- [The data]:
------
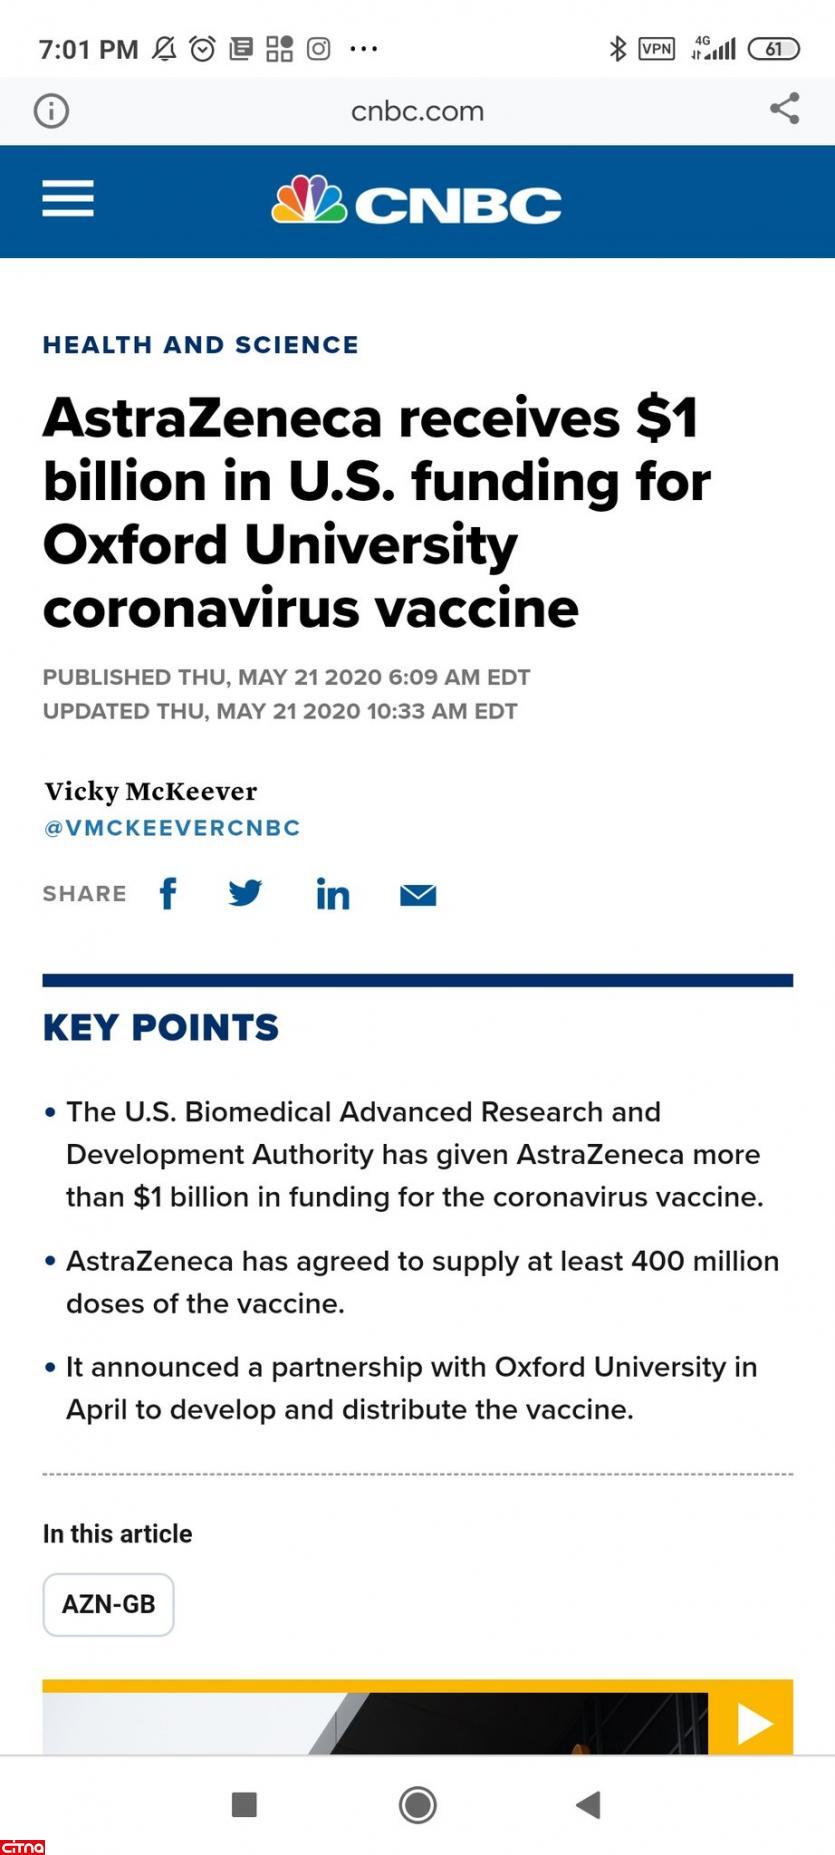 سرمایهگذاری برای واکسن برکت چه میزان بوده است؟
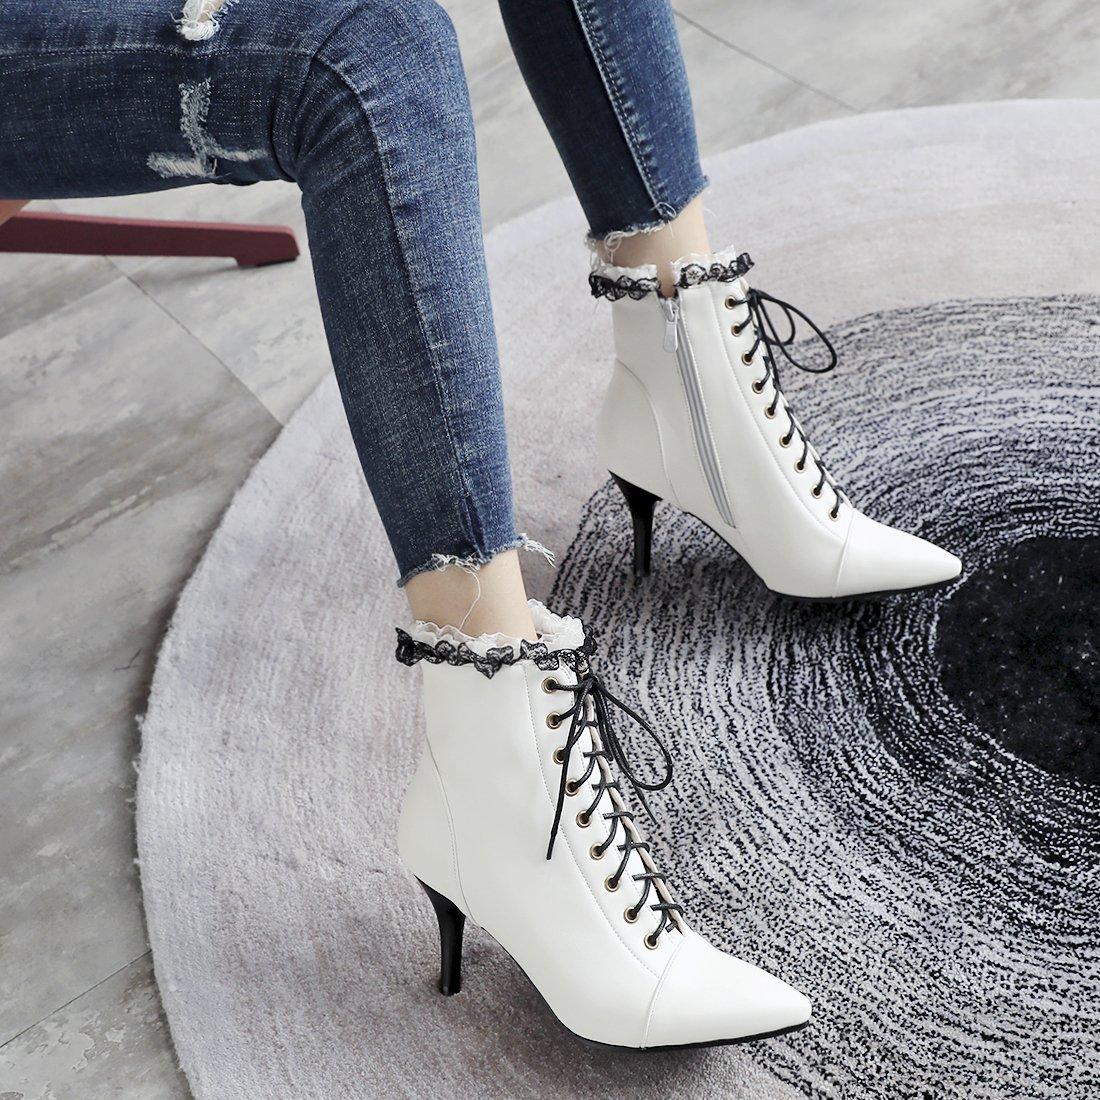 145a02ebcc03 YE Bottines Dentelle Femme à Talon Aiguille avec Lacets Bottes Lacees Bout  Pointu Haut Cuir Courtes Ankle Boots Winter Shoes Chaude Hiver  Amazon.fr   ...
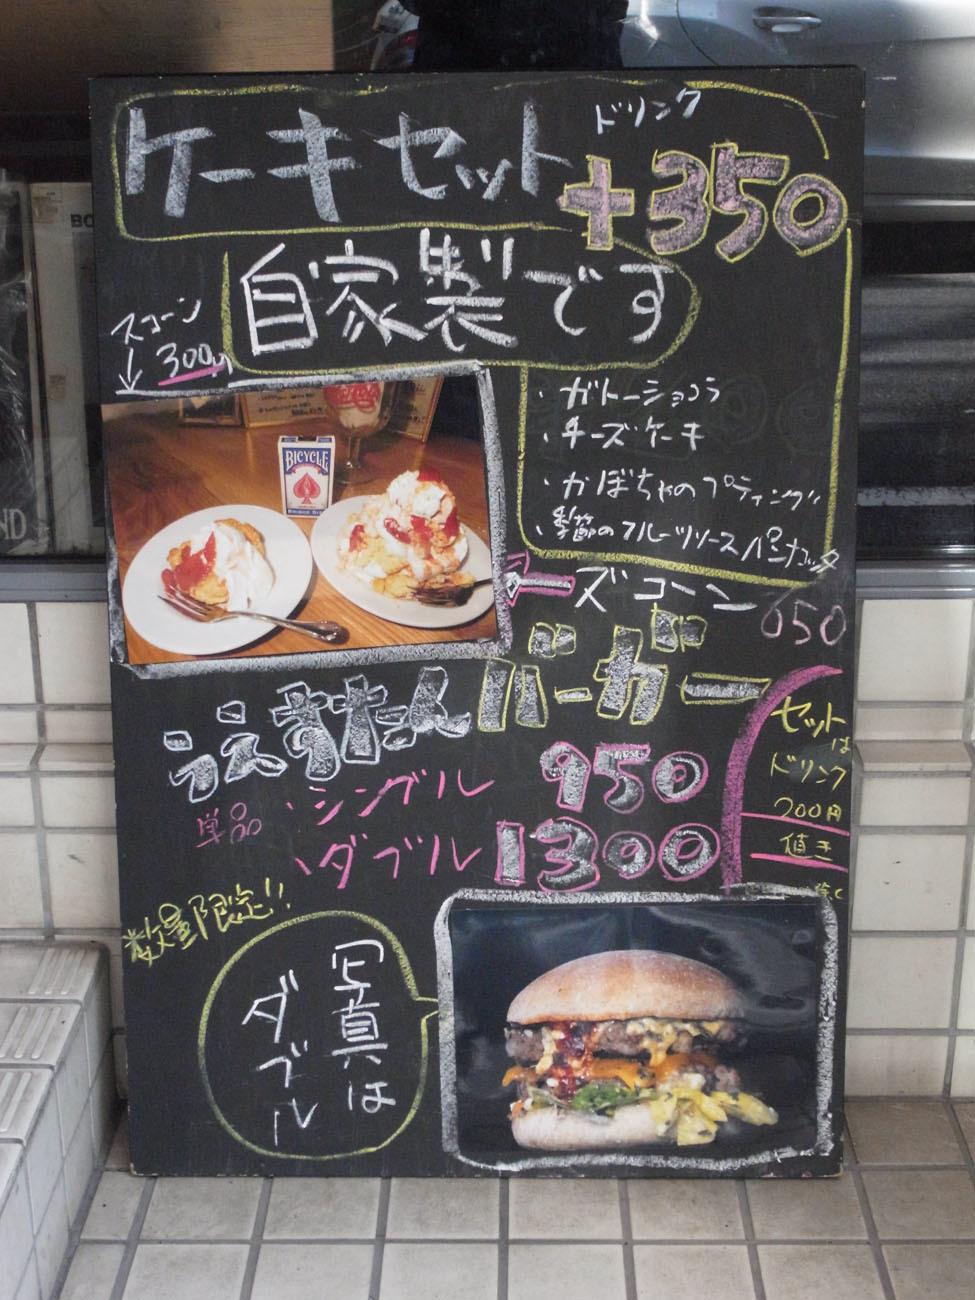 こだわりの鬼さんコチラ〔カフェうえすたん/コーヒー・スイーツ/JR福島〕_f0195971_07431451.jpg
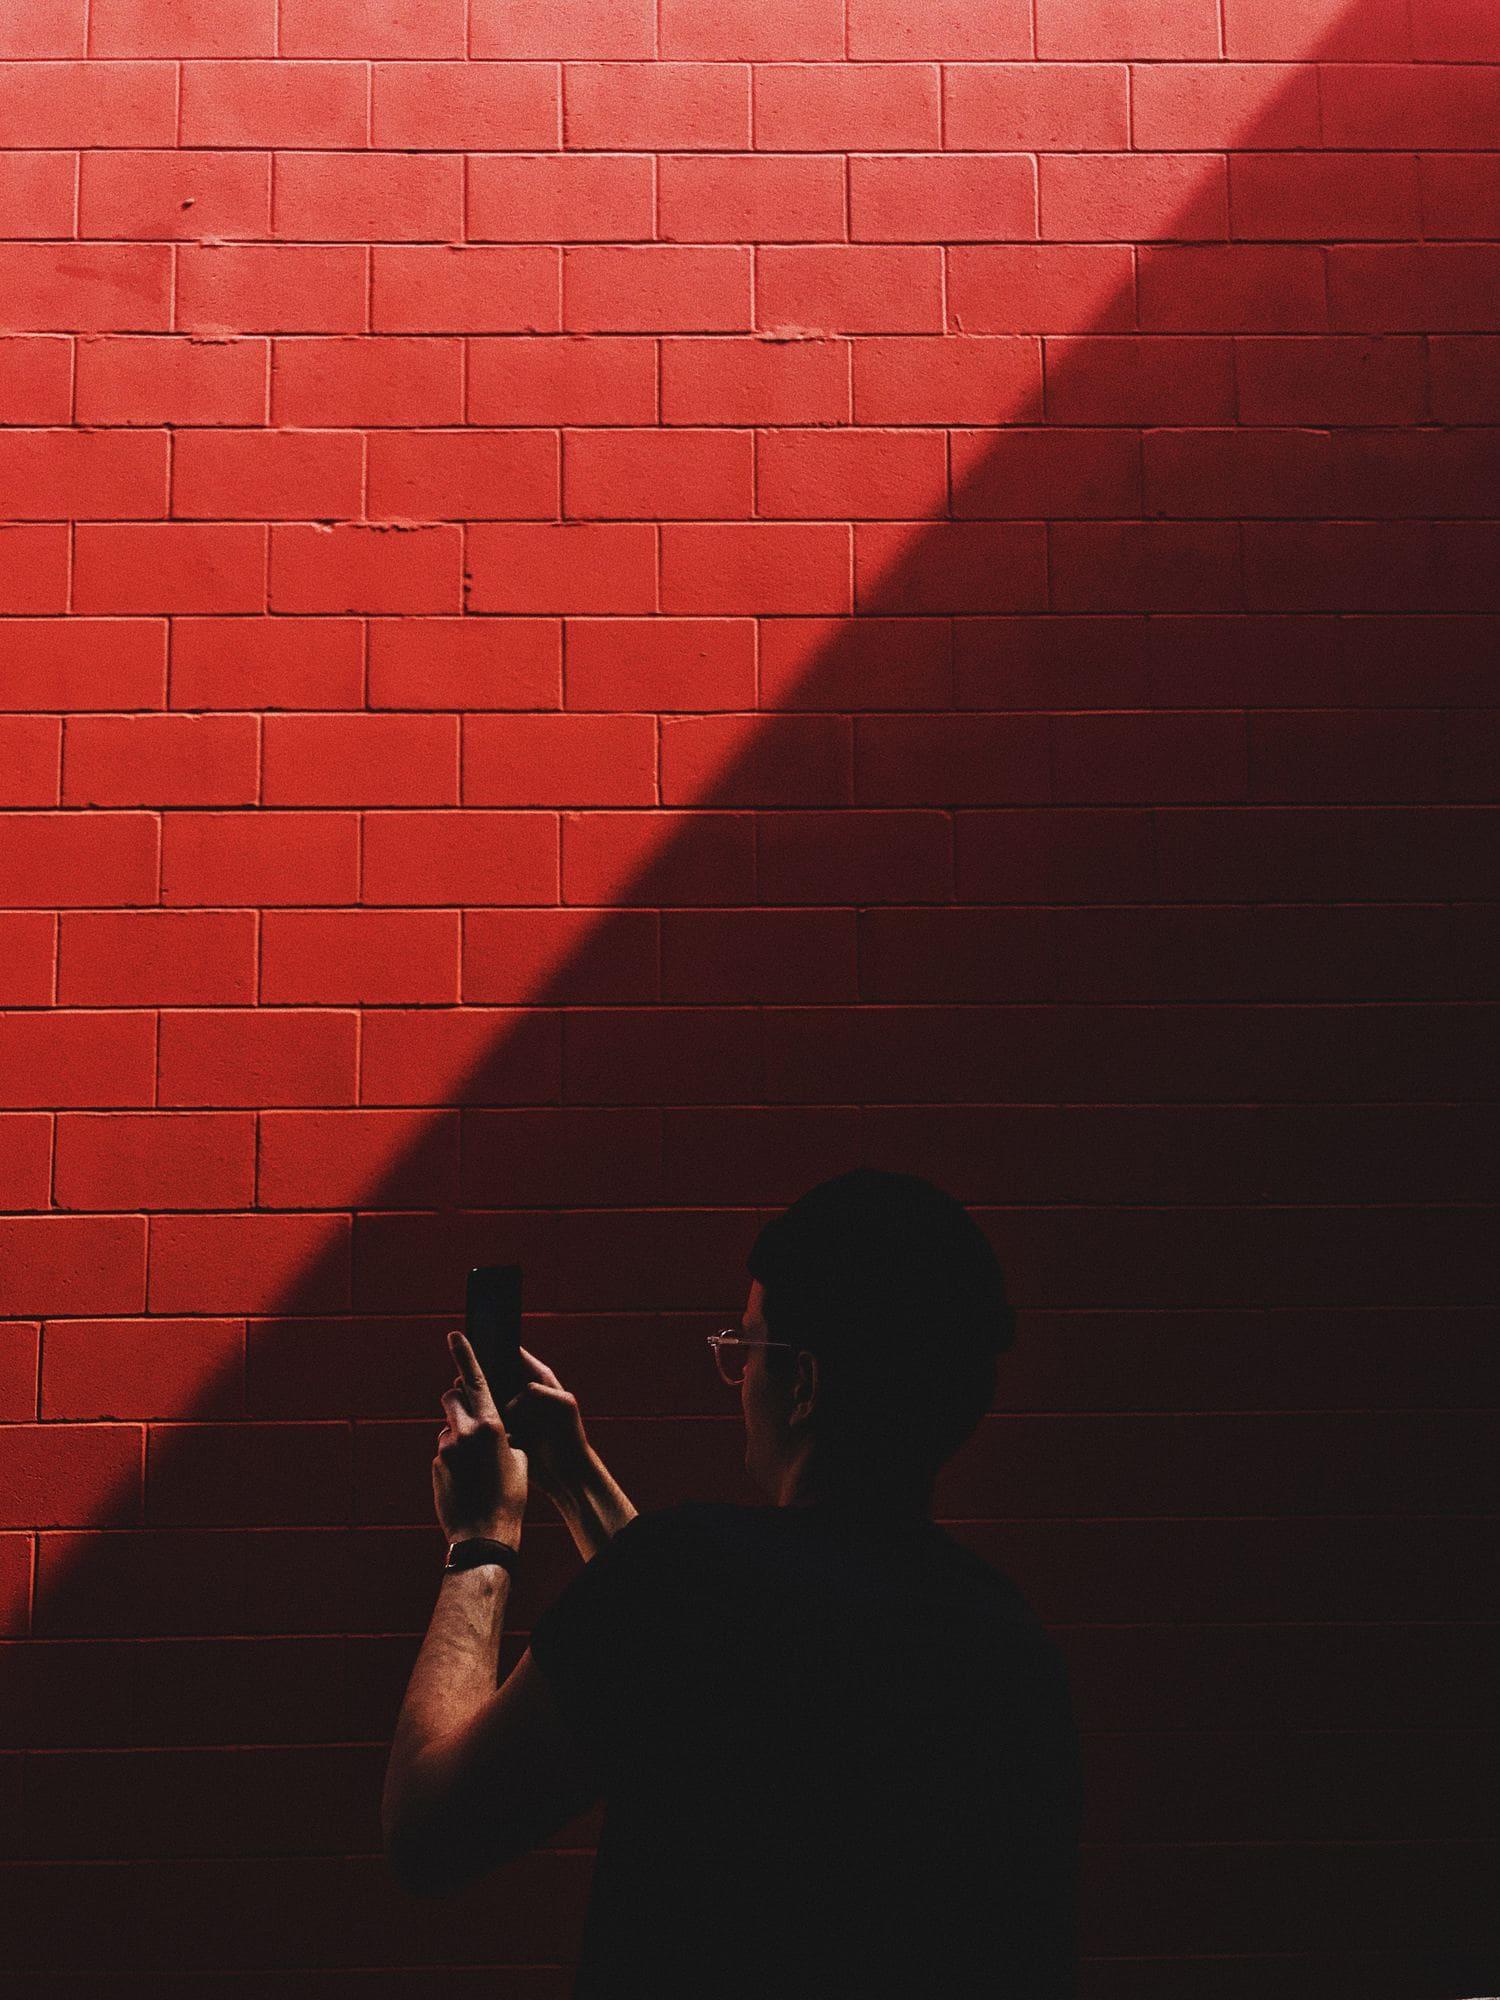 fotografía móvil hombre muro rojo
------
- [Task]: What you write should match, word for word, the lines from the one containing "145a02ebcc03 YE Bottines" to the end of the listing, with both ends kept and the pictures left out.

- [Written solution]:
 145a02ebcc03 YE Bottines Dentelle Femme à Talon Aiguille avec Lacets Bottes Lacees Bout  Pointu Haut Cuir Courtes Ankle Boots Winter Shoes Chaude Hiver  Amazon.fr   ...
 こだわりの鬼さんコチラ〔カフェうえすたん/コーヒー・スイーツ/JR福島〕_f0195971_07431451.jpg
 fotografía móvil hombre muro rojo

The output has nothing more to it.